I do have two writing projects in the works:  my collection of Bigfoot poems and my annual Christmas essay.  The former has started taking shape, although I'm not sure what that shape is eventually going to be.  The latter is merely a great idea in my head at the moment--one that requires some research and poetic inspiration.

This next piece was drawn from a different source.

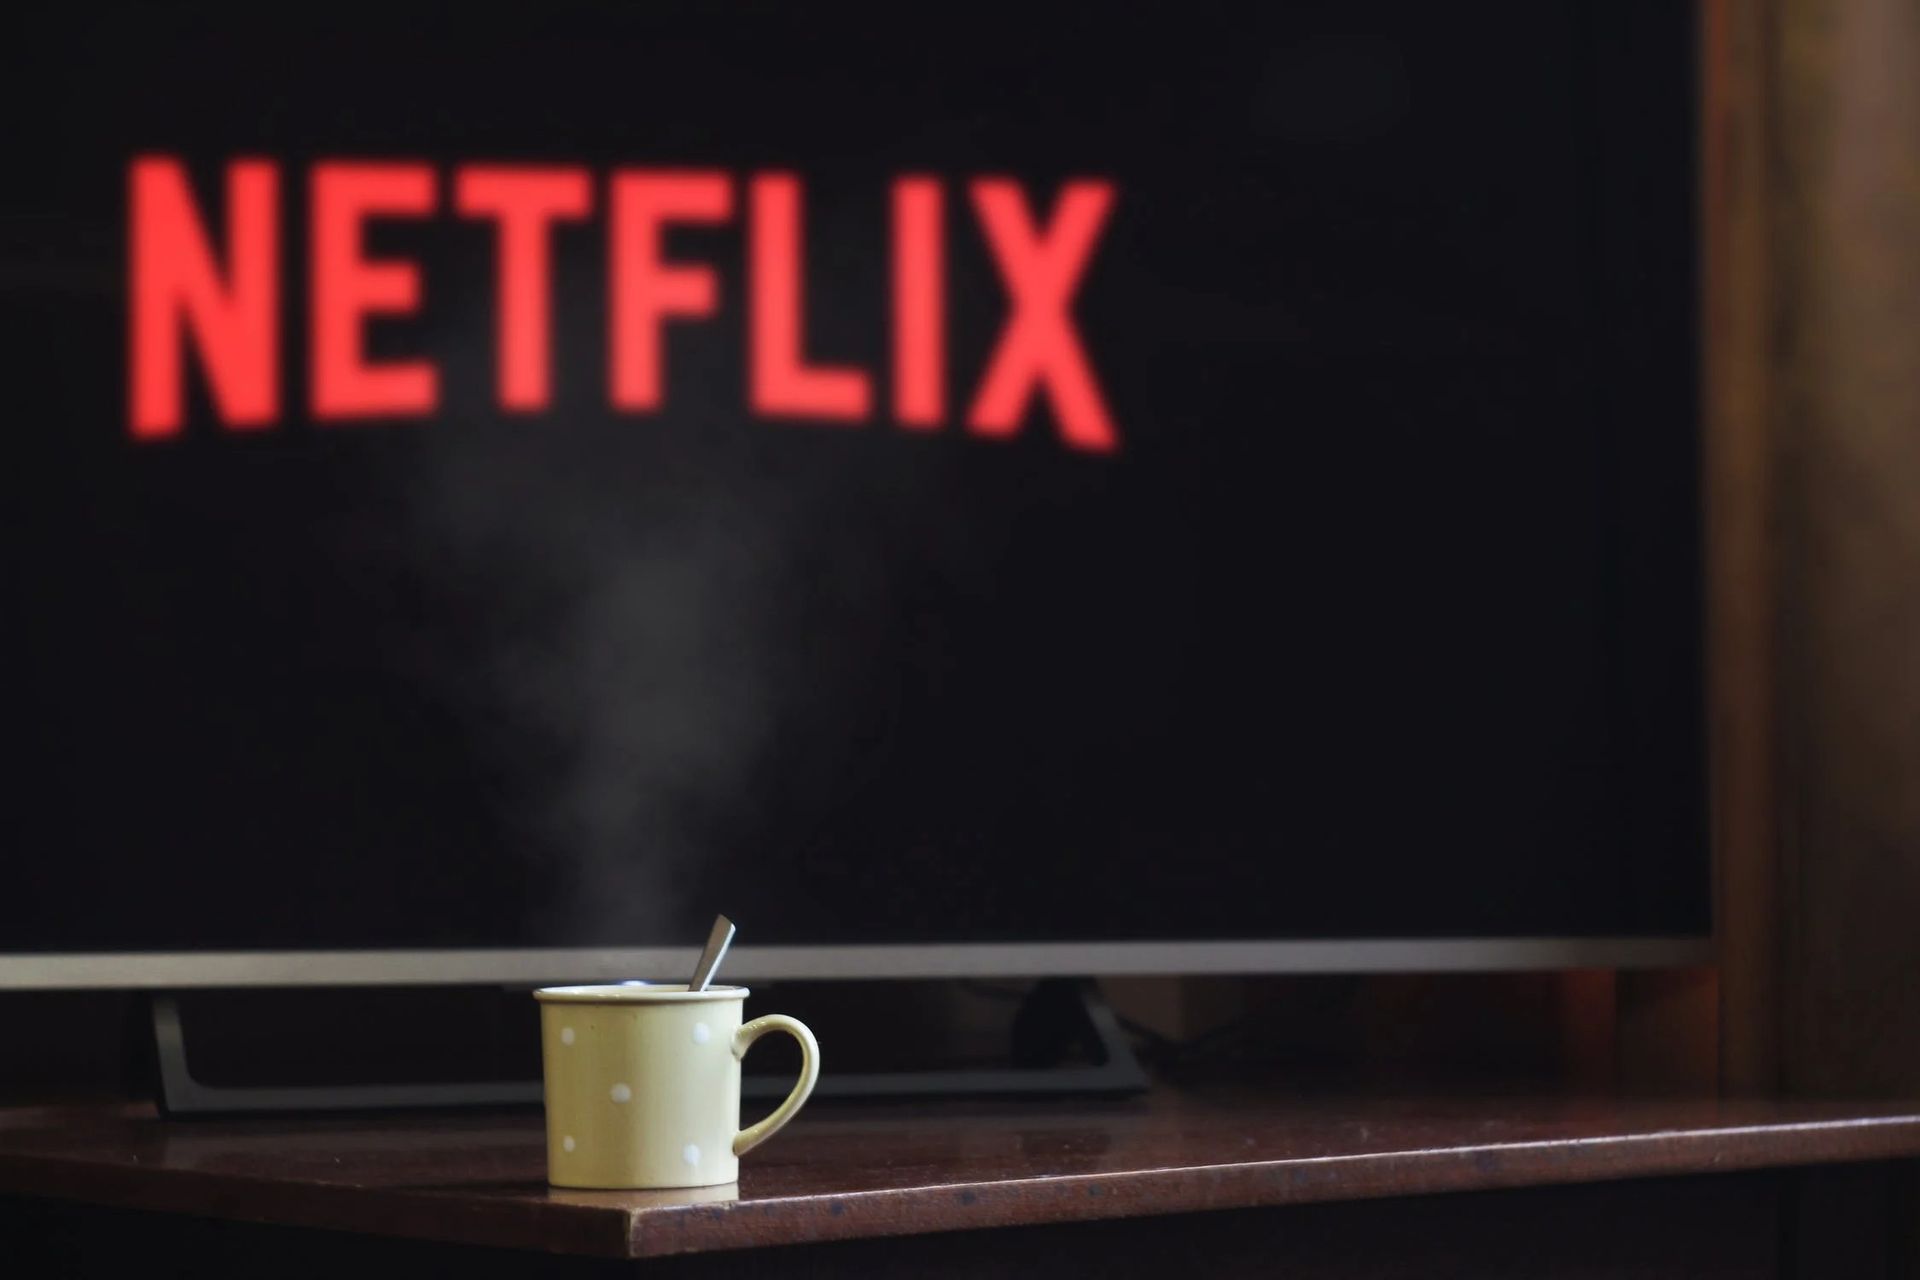 The popular streaming platform Netflix will add live streams to its service soon. Netflix might be a key platform for stand-up artists and other live shows soon

So, my bell has been ringing this month.  Tonight, however, I feel the need for rest.  My body and mind let me know every once in a while that I am in need of more than my usual nightly quota of five hours of sleep.  A late afternoon slump.  Sometimes, I regain my energy.  Other times, I surrender.  Fall asleep on the couch for five hours.  Crawl into bed for a power nap and stay there until the morning.

I want to rest this evening.  But I also want to read and work on my Christmas essay a little bit.  Perhaps I will be able to do both.  Or neither.  Remain mute, like Bob Dylan.  Refuse to acknowledge reality.

If the Swedish Academy calls tonight, Saint Marty will answer the phone.  He doesn't want to be accused of being impolite and arrogant.